Radit kemudian melepaskan Nadine.

Nadine pelan-pelan membuka mata, kemudian tersenyum, "Tak sangka aku masih bisa hidup."

Radit heran, nada bicara Nadine ini justru terdengar kecewa. Radit merasa dadanya basah, ia menundukkan kepalanya, melihat bajunya memang sedikit basah. Dengan kaget ia menatap Nadine. Nadine kemudian berdiri. Kedua matanya yang besar dan cantik menatap Radit. Di dalam bola mata yang jernih itu, terdapat kehampaan yang sangat dalam, seperti suasana di dalam air yang sunyi, tenang, dan dingin.

Radit juga berdiri, dengan khawatir ia bertanya, "Kamu tidak apa-apa?"

Nadine tersenyum, "Ketua melindungi dengan sangat baik. Aku tidak apa-apa. Tugasku sudah selesai, aku pulang dulu."

Nadine lalu berbalik badan.

"Berikan nama dan nomor teleponmu. Saat kembali aku akan melapor, lalu memberikan penghargaan padamu." Wajah Radit datar, seakan ia sudah biasa melakukan ‘prosedur’ ini.

Tapi yang aneh adalah, sebenarnya hal-hal sederhana seperti ini tidak perlu dilakukan olehnya, yang adalah seorang jenderal.

"Tak perlu. Memang sudah seharusnya kan kita harus bekerjasama dengan tentara." Nadine lalu menatap jam yang tertempel di dinding. Jam 2 lebih!

"Aku harus masuk kerja besok. Aku pergi dulu." Tanpa menunggu jawaban Radit, Nadine berjalan masuk ke kamar utama tadi untuk mengambil kotak P3Knya.

Radit berdiri di depan pintu, tubuhnya berdiiri tegak dan kaku disana sambil menatap Nadine suram. Nadine berjalan melewatinya, tanpa berkata apa apa lagi, ia membuka pintu lalu berjalan keluar.

Suasana dikamar itu kemudian berubah sunyi, seakan Nadine tidak pernah ada disana. Sekali lagi Radit mengamati dadanya yang basah, perasaannya tak enak.

"008, 101. Ikuti dia, pastikan ia sampai kerumahnya dengan selamat, barulah kalian kembali padaku." Ucap Radit memberi perintah dengan tegas.
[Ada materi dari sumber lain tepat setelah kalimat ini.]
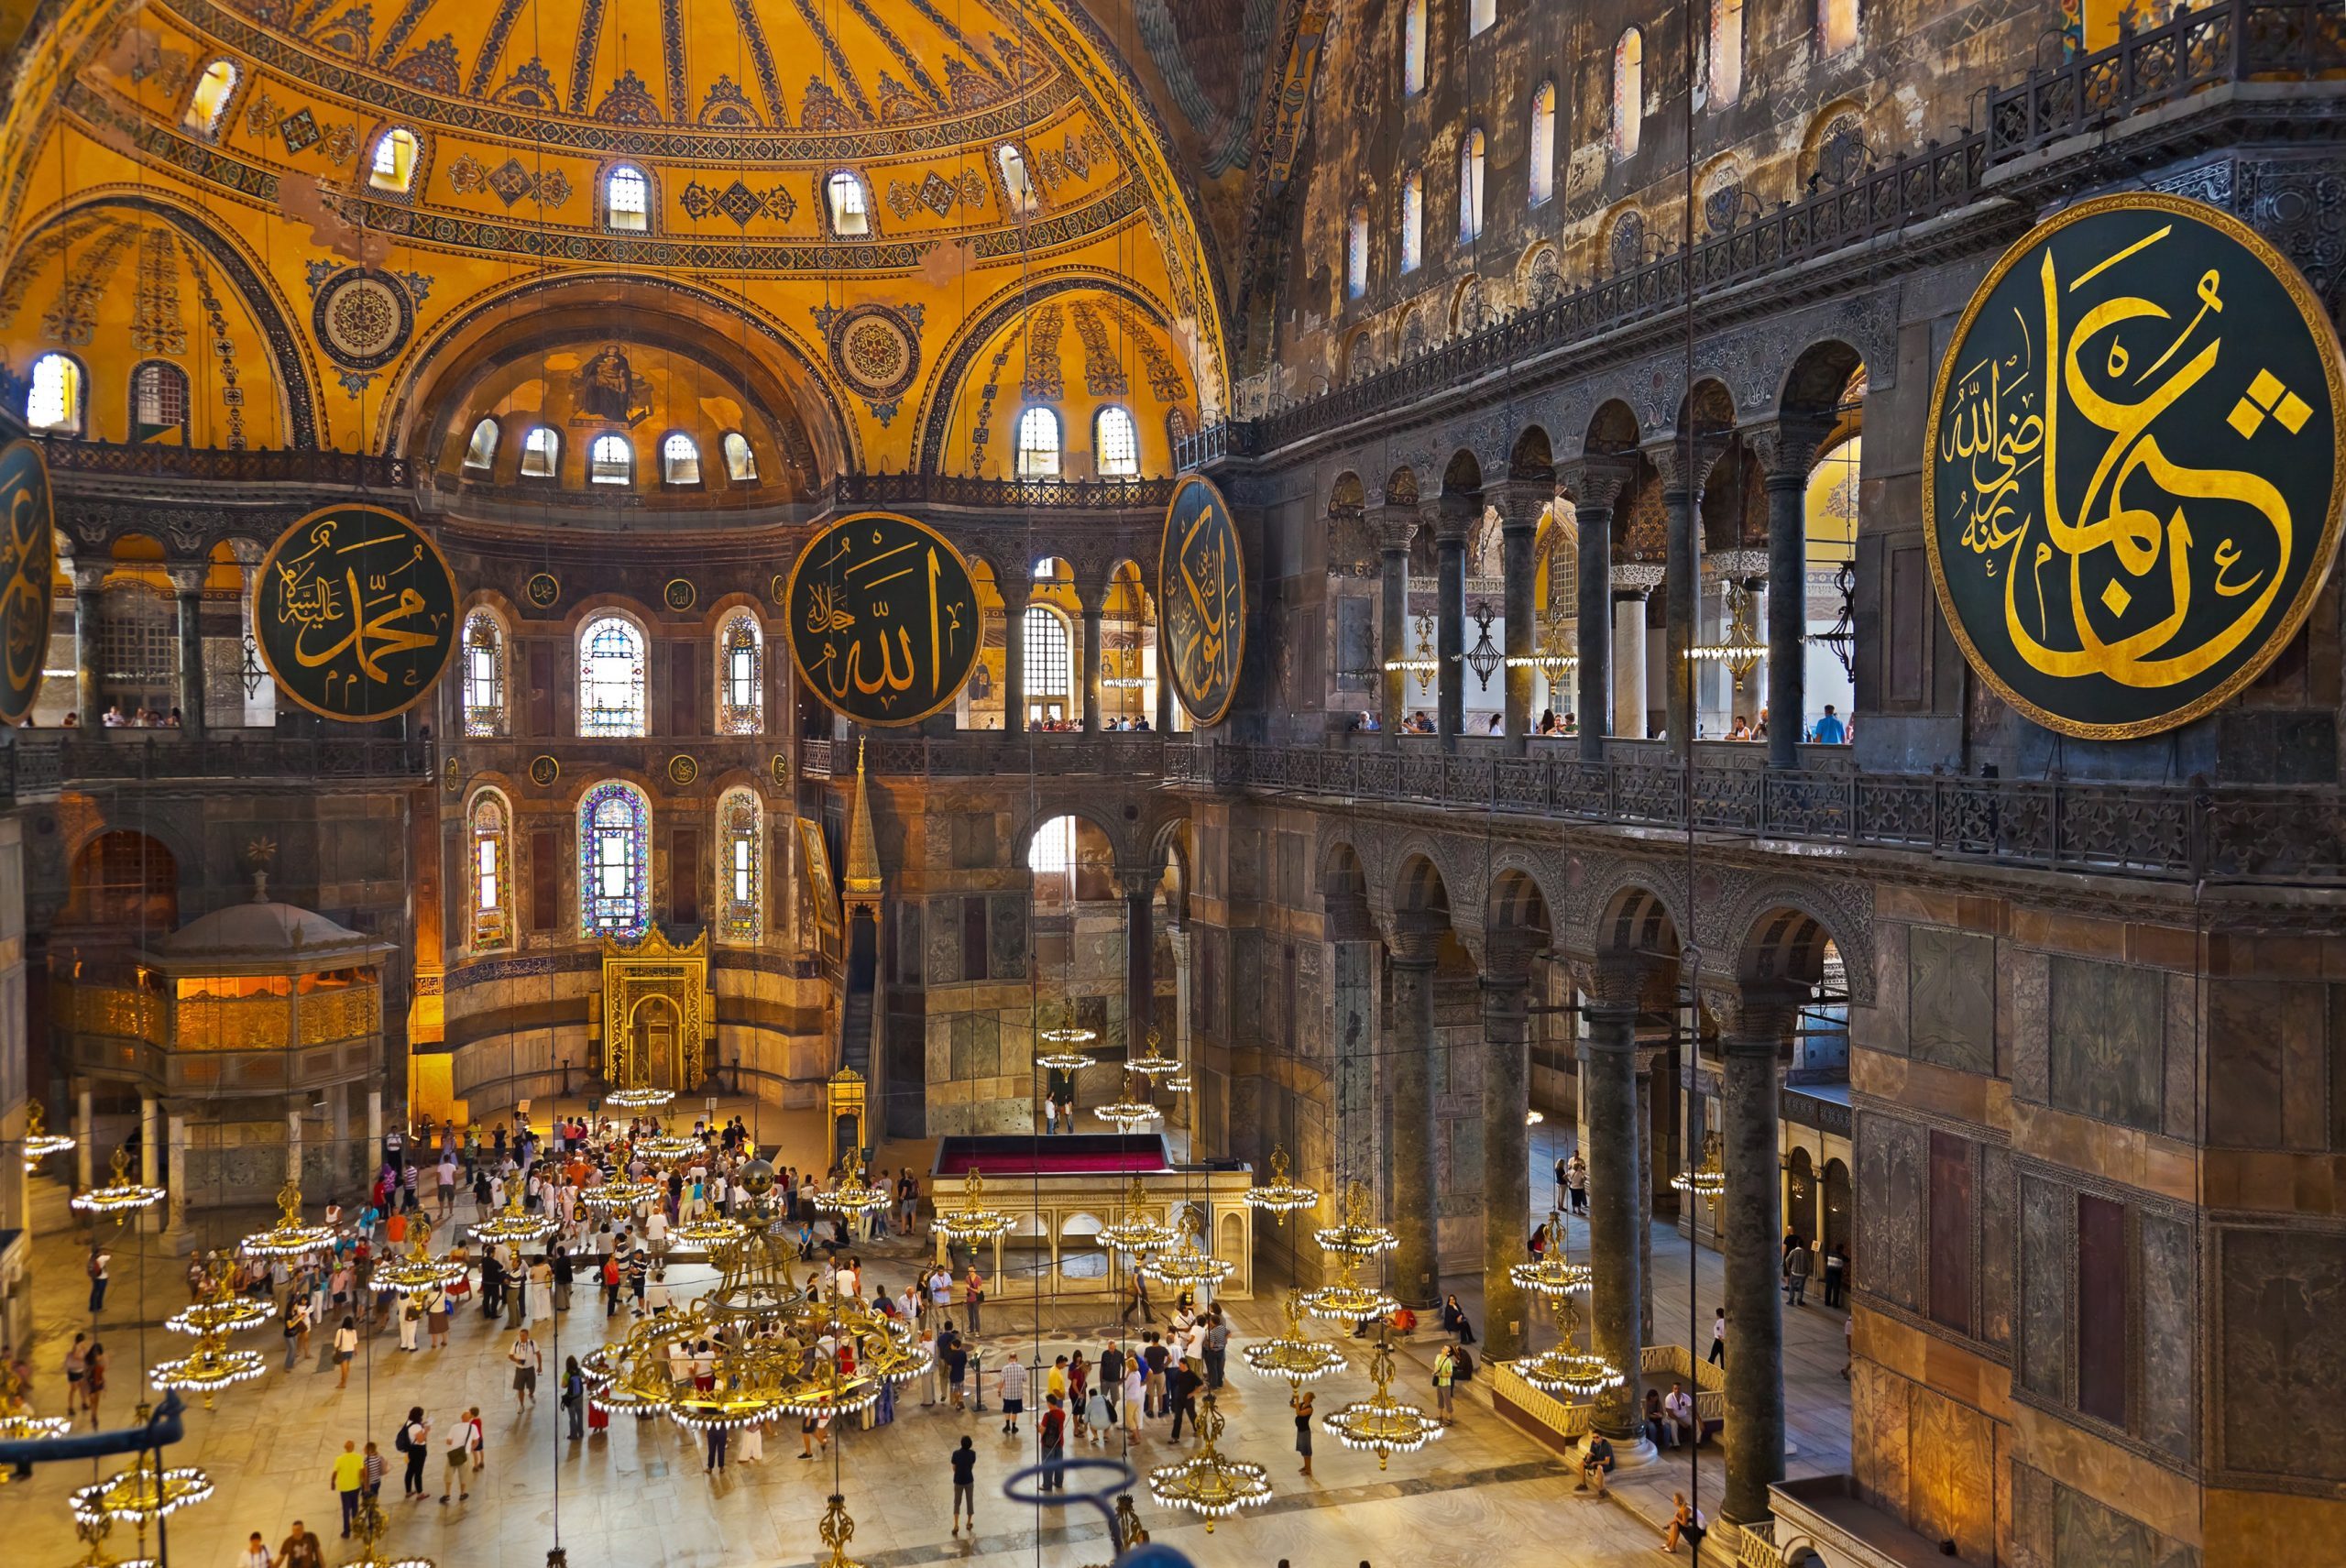 Hagia Sophia interior at Istanbul Turkey - architecture background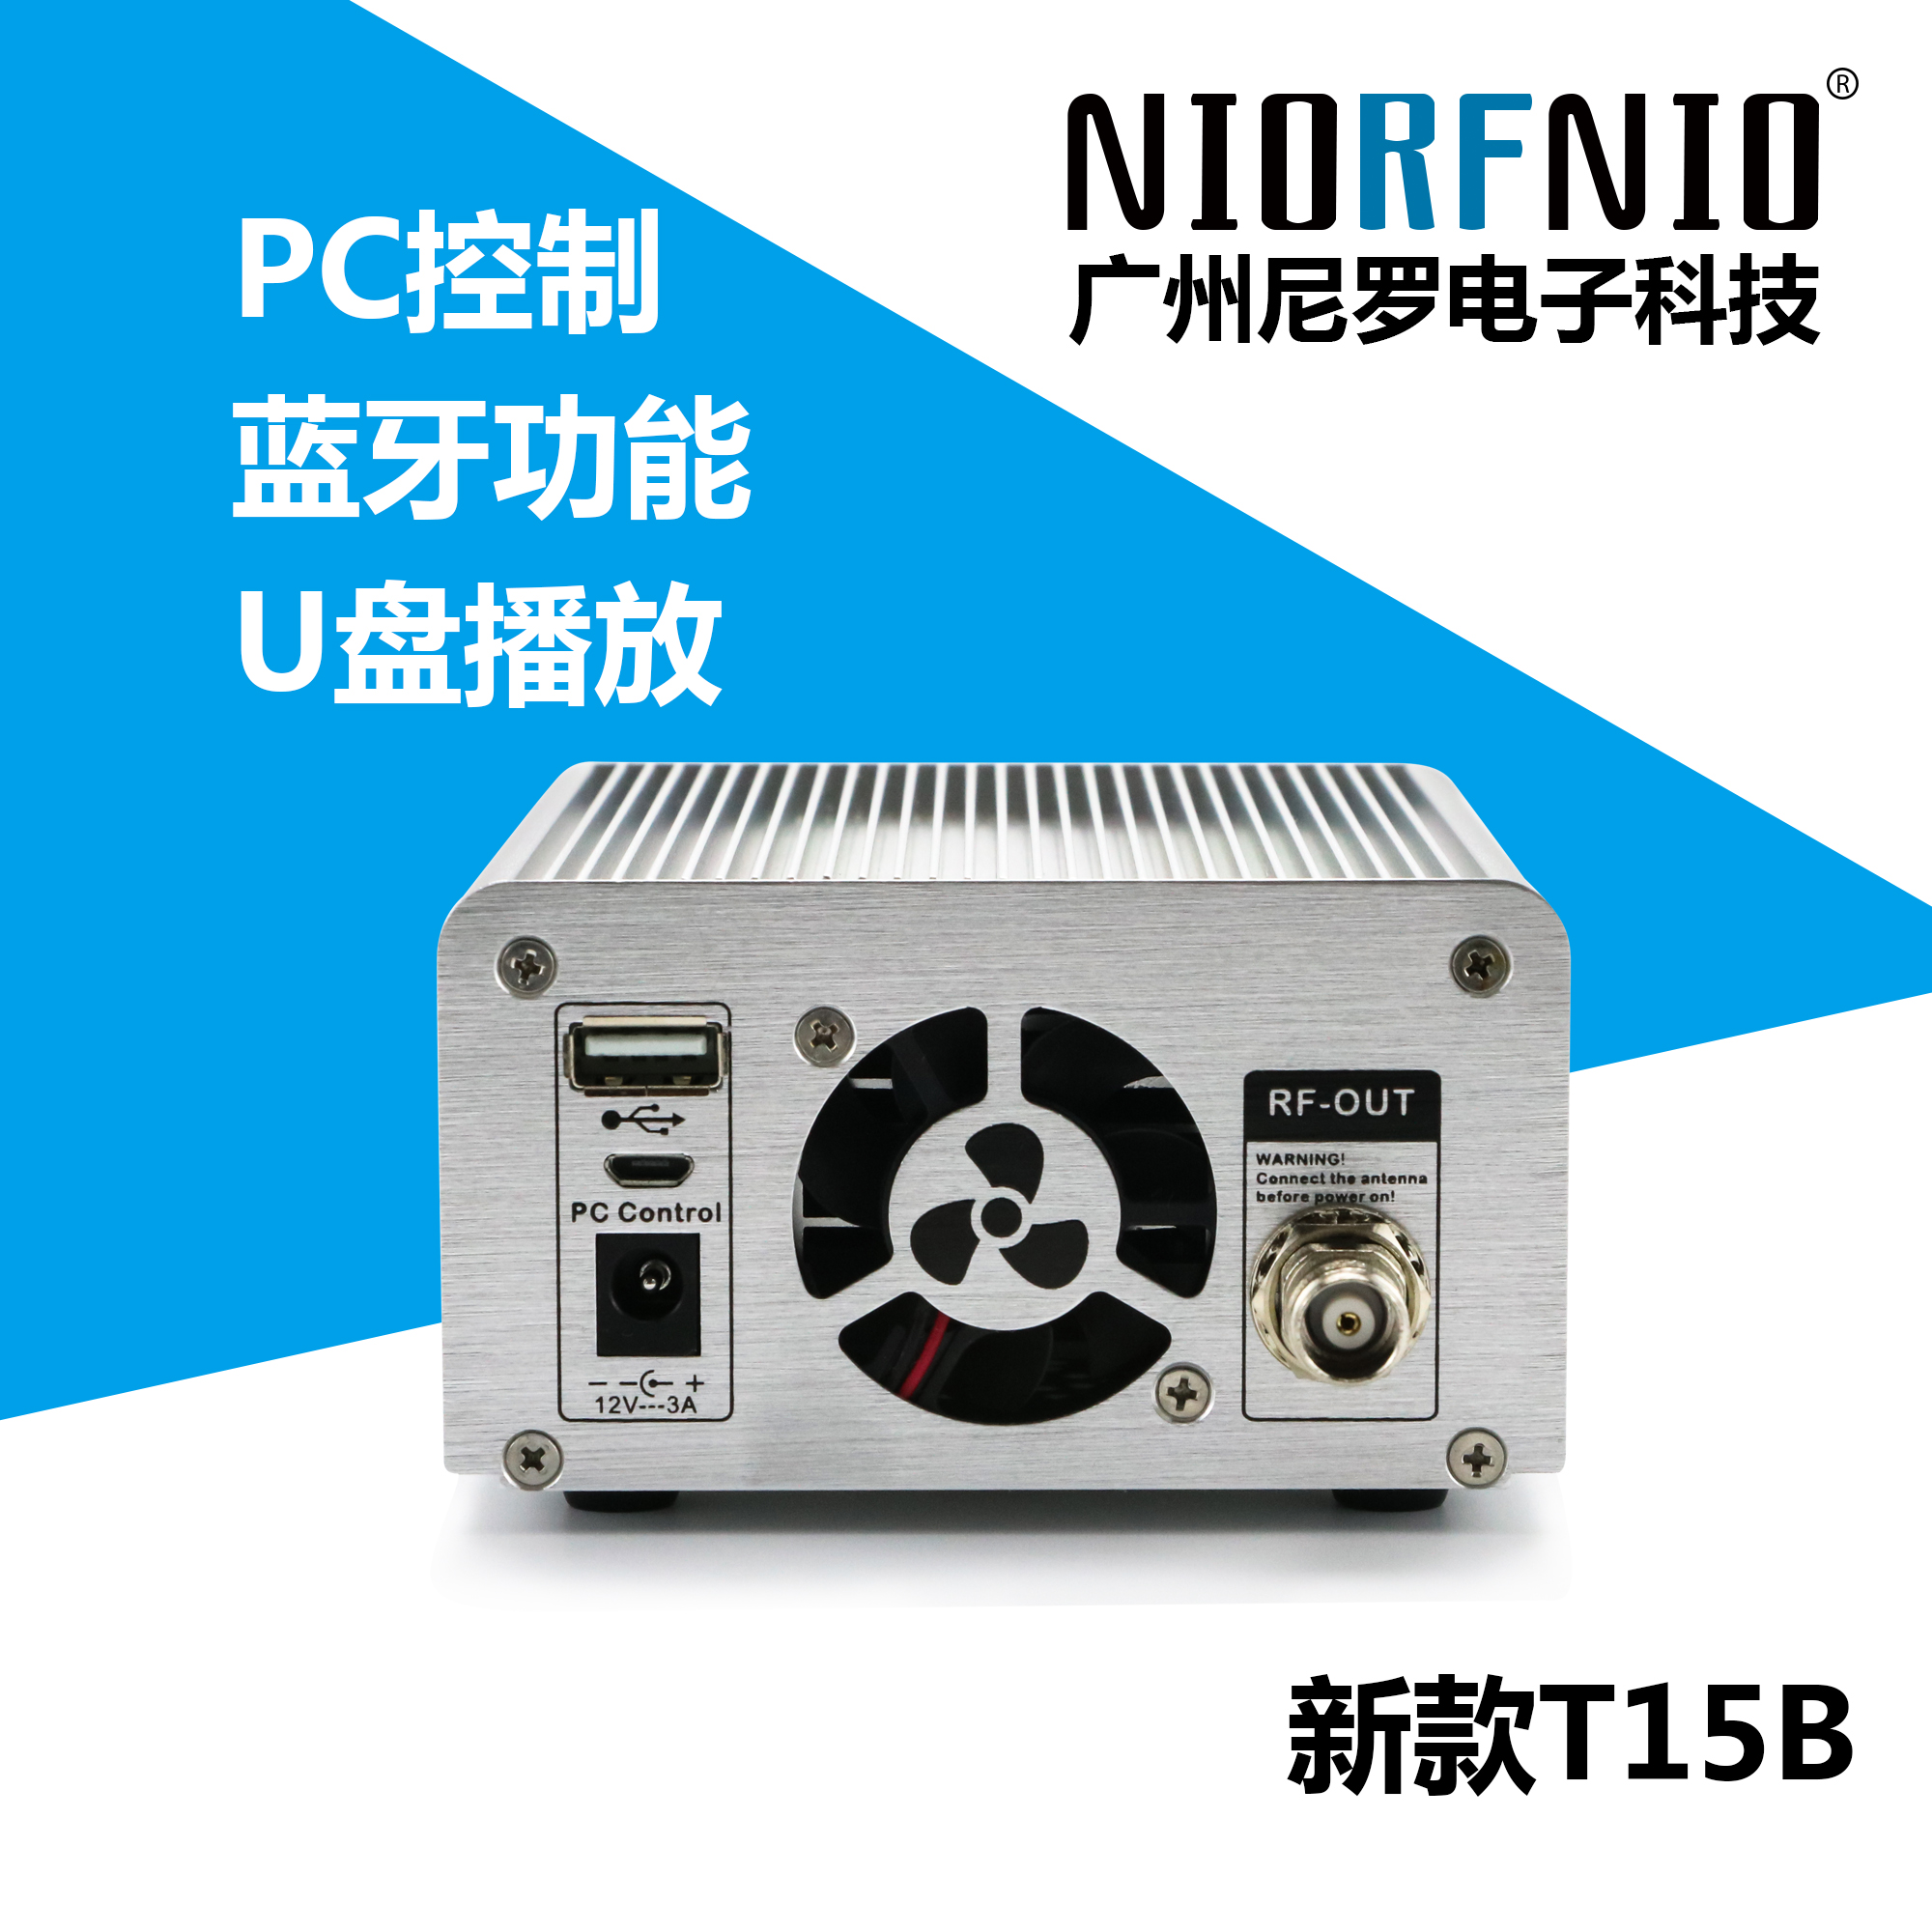 广州市尼罗NIO－T15BFM调频发射厂家尼罗NIO－T15BFM调频发射机U盘播放高保真立体音效

"Baik!" 008 dan 101 segera pergi.

Dodi menghembuskan napas lega, ia berjalan masuk, lalu dengan hormat membungkuk di hadapan Radit.

"Lapor ketua, dengan perintah yang jelas dari ketua, misi berakhir dengan sempurna. 28 orang tentaradari tadi sudah bersiap diluar, mohon perintah ketua selanjutnya!"

"Kembalilah ke markas!" Ucap Radit singkat. Ia berjalan keluar.

Di bawah di sepanjang jalan, terlihat banyak tentarayang sudah siap untuk ‘berperang’. Dengan tenang Radit masuk ke dalam sebuah mobil, duduk di bangku belakang. Mobil tersebut melewati Nadine. Radit otomatis melihat ke luar jendela, Nadine sambil membawa kotak P3Knya berjalan kembali ke rumah sakit. Tubuhnya yang kecil terlihat lemah, dengan langkah santai ia melangkahkan kakinya.

"Dodi!" Teriak Radit.

"Iya." Dodi langsung berpaling mendengar teriakan Radit.

"Cari tahu tentang kehidupan wanita tadi, aku ingin data yang lengkap." Perintah Radit dengan wajah dingin, sorot matanya suram.